On the other hand, I think it is unnecessarily restrictive to insist,
as some modems do, on a minimum asynchronous speed of 19200 bps where
a fax modem has the capability of sending and receiving faxes at 4800
bps or 2400 bps as well as 9600 bps.  Some hardware may be reliable
at 9600 bps but not at higher speeds, and some fax applications may
need to use systems software for setting asynchronous interface
speeds which frowns on the use of 19200.  In these circumstances,
restricting the speed at which faxes may be sent and received to 4800
bps and 2400 bps (using V.27 ter modulation) is surely better than
not allowing them to use a fax modem at all.   I belive that Rockwell,
Sierra and Exar have all at some stage manufactured chips, with the
capability for 2400 bps data and 9600 bps fax, which insisted on
separately fixed data and fax speeds

(9)  Short note on troubleshooting modems

In general, it is wise to check the modem manuals first. The
suggestions made in the text are based very much on my own experience
in programming fax modems, and I do not claim to have used every
model that has ever been made. Even if I did, there is no way of
guaranteeing that future modems will conform to my past experience. 
For instance, while I have never seen an EIA compliant fax modem that
doesn't also have data capability, there's no reason to suppose that
they will never be made.  You should refer to note 3 above for
reasons why a scan for a 1 in a response to AT+FCLASS=? is a test for
a class 1 fax modem which will almost cetainly not work for ever.

(10)  Short note on XON/XOFF protocol

Actually, the EIA seem to prefer the use of the somewhat less
intuitive ASCII terms DC1/DC3, but that's standards bodies for you.

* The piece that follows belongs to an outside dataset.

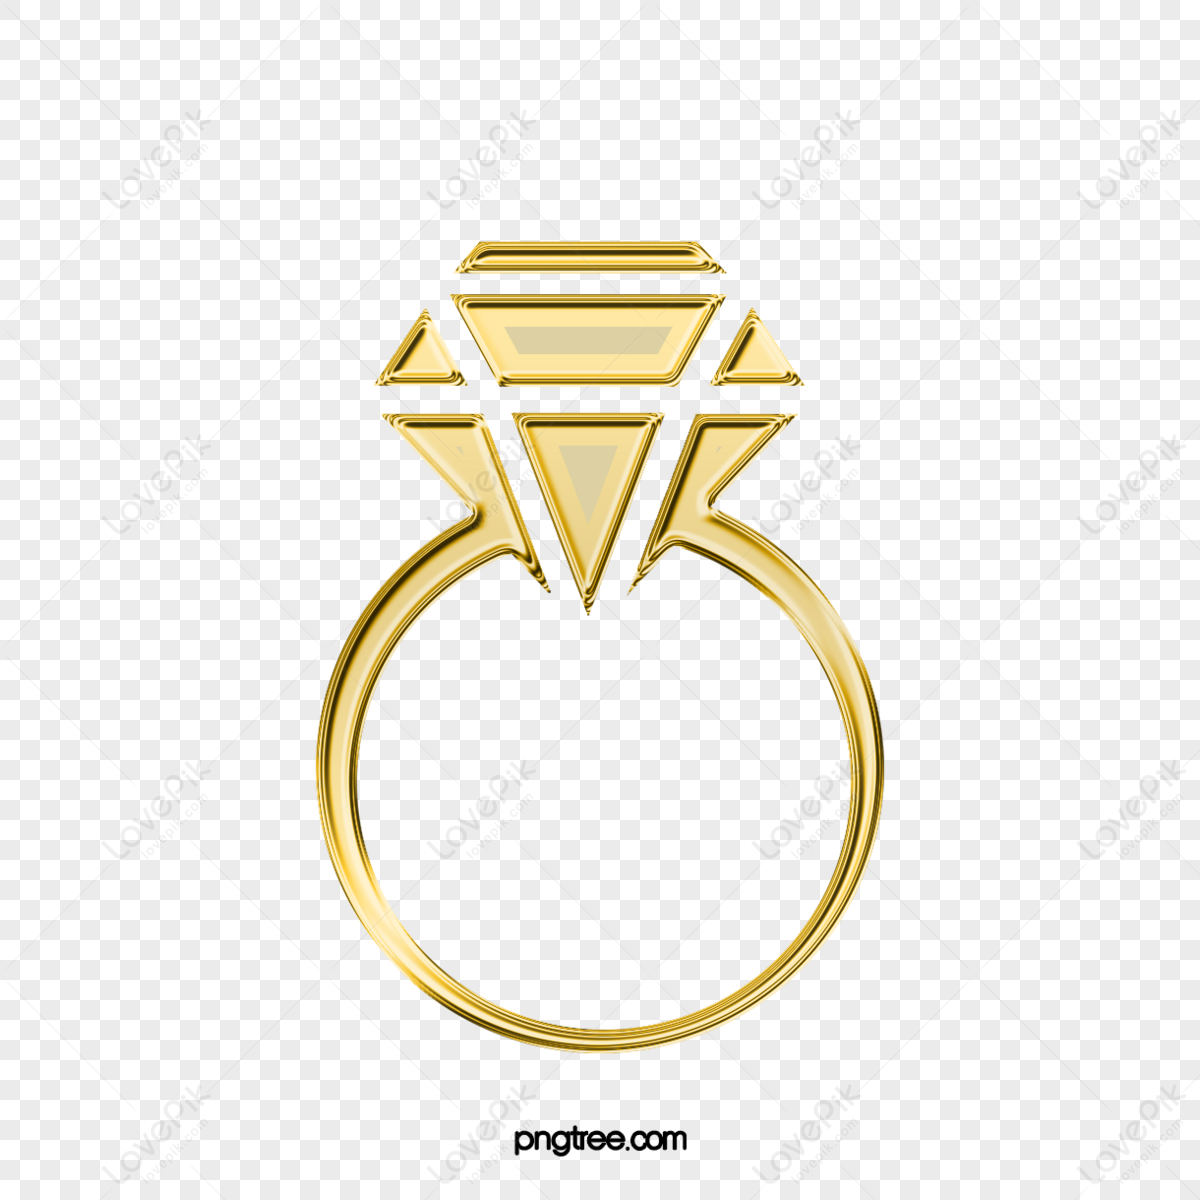 Wedding Ring Logo - Free Vectors & PSDs to Download

(11)  Short note on AT+FBUF

Note that there is no command to find out the buffer size for class 1
modems, and the corresponding command for 2.0 modems is AT+FBS?;
however, the information returned is not identical and the flow
control thresholds are not given. Finding out the restart threshold
on a class 2.0 modem isn't a practical proposition; this matter is
discussed further in chapter 11.

(12)  Short note on the import character code fragment

If a carriage return (0x0d) is the last character and commands are
being terminated with a carriage return/line feed pair, then the
additional line if (k==0x0d) while (k!=0x0a) k=rxchar() ; just before
the end of the function may help to stop subsequent commands going
out while the modem is still sending its final line feed.